To understand what the code does, we need to first see what problem it's trying to solve and why it needs to be solved this way.

Let's consider this HTML:

<body>
  <a href="www.whatever.com">Whatever <i>site</i></a>
  <div><p>abc<span>def</span></p></div>
</body>

It's rendered as:

Rendered HTML

And it's represented by the following DOM tree:

DOM tree for the HTML above

The same diagram in ASCII:

+---------------+
| element: body |
|               |
| childNodes    |
+--- | ---------+
     |
     \__ body's first child node
     |   +------------+
     |   | element: a |
     |   |            |
     |   | childNodes |
     |   +--- | ------+
     |        |
     |     a's first child node..........a's second child node
     |     +------------------------+    +------------+
     |     | text node: "Whatever " |    | element: i |
     |     |                        |    |            |
     |     | no childNodes          |    | childNodes |
     |     +------------------------+    +--- | ------+
     |                                        |
     |                                     i's first child node
     |                                     +-------------------+
     |                                     | text node: "site" |
     |                                     |                   |
     |                                     | no childNodes     |
     |                                     +-------------------+
     |
     \__ body's second child node
         +--------------+
         | element: div |
         |              |
         | childNodes   |
         +--- | --------+
              |
              div's first child node
              +------------+
              | element: p |
              |            |
              | childNodes |
              +--- | ------+
                   |
                   p's first child node....p's second child node
                   +------------------+    +---------------+
                   | text node: "abc" |    | element: span |
                   |                  |    |               |
                   | no childNodes    |    | childNodes    |
                   +------------------+    +--- | ---------+
                                                |
                                                span's first child
                                                +------------------+
                                                | text node: "def" |
                                                |                  |
                                                | no child nodes   |
                                                +------------------+

The structure is basically:

  • body has two child nodes: tags a and div
    • a has two child nodes: a text node with the text "Whatever ", and tag i
      • i has one child node: a text node with the text "site"
    • div has one child node: tag p
      • p has two child nodes: a text node with the text "abc", and tag span
        • span has one child node: a text node with the text "def"
  • And the text nodes don't have child nodes.

Actually, all the line breaks are also text nodes (such as the line break after <body> opening, another one after </a> closing, etc), but I'm omitting those for the sake of simplicity.

The original problem that resulted in this code is to replace some character in all parts of the document where that character appears.

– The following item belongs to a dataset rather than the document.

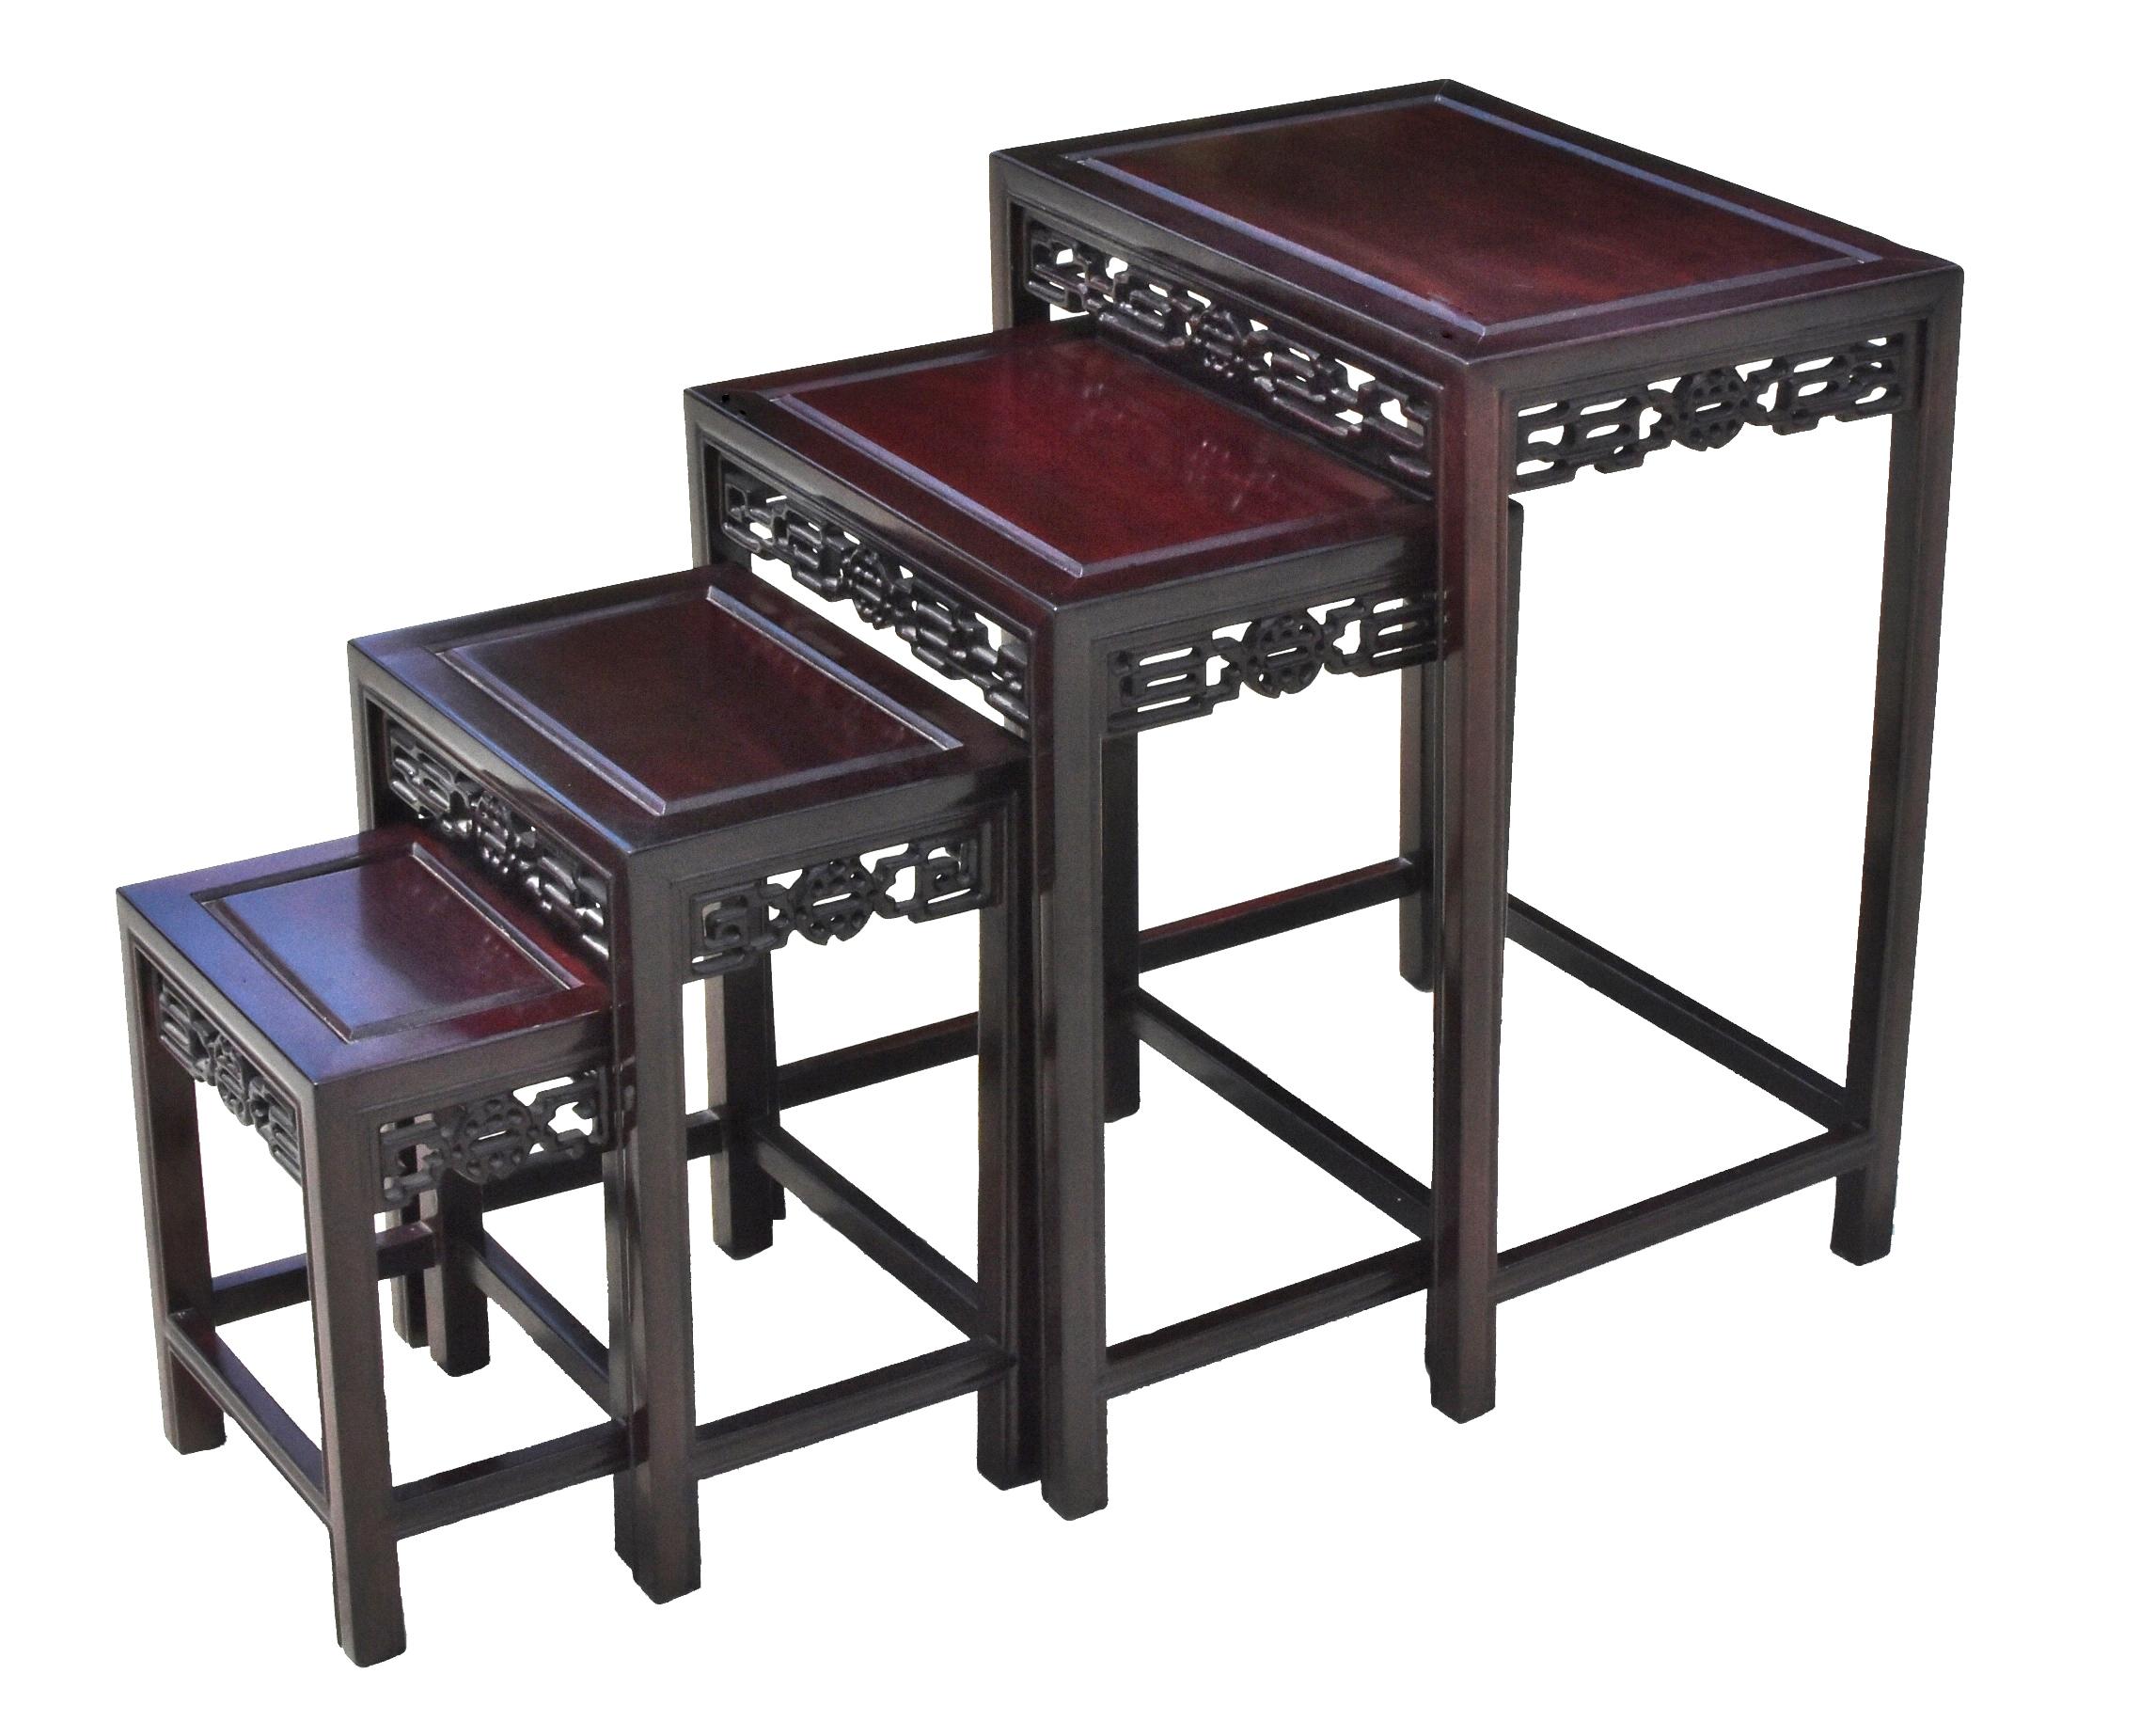 Extraordinary set of four nesting tables in excellent condition. Beautiful fine grade solid rosewood. Carved scrolls of longevity motifs. Prized wood needs no further decoration. Set of 4 tables tuck away and pull out easily. Used individually or

To avoid replacing things that shouldn't be replaced (such as HTML tags and attributes, as already explained in answers for the original question), a better solution is to replace only the text nodes.

Note that different parts of the text are spread through the DOM tree. In this case, there are four text nodes, each one in a different part of the hierarchy. To replace all text nodes, you'll need to traverse through the tree and visit all of them, one by one.

But to reach all text nodes, you need to visit all other nodes, because a node is only reachable by its parent: starting at body, you can reach a and div; from a you can reach the text node "Whatever " and tag i, and so on. Therefore, only by traversing the whole structure, you can be sure that all text nodes were visited and replaced. In other words, you need something like this:

  • start at the body element
  • check its child nodes (a and div):
    • for each child node you check if they are text nodes and replace them
    • then, we must check their children: a's child nodes and div's child nodes
    • a's children are the text node "Whatever " and tag i
      • for each one of those child nodes, check if they are text nodes and replace them
      • then check for those child nodes' child nodes (the text node has no children, but i does)
        • and so on...
    • div's children is p
      • for that child node, check if it's a text node and replace it
      • then check for p's child nodes
        • and so on...

An initial pseudo-code to do that would be like this:

if (body is text node) {
    replace its text
} else {
    for each body's child nodes, do:
        if (child node is text node) {
            replace its text
        } else {
            for each child node's child nodes, do:
                if (child node's child node is a text node) {
                    replace its text
                } else {
                    for each child node of child node's child nodes, do:
                        and so on...
                }
        }
}

A first problem with this approach is: I don't know how many levels the DOM tree has (I know for this specific one, but think of an algorithm that should work for any HTML page), so how can you know how many nested loops to use? We could assume some value ("I'll work with N levels"), but a better solution would work regardless of the number of levels. How could this be made?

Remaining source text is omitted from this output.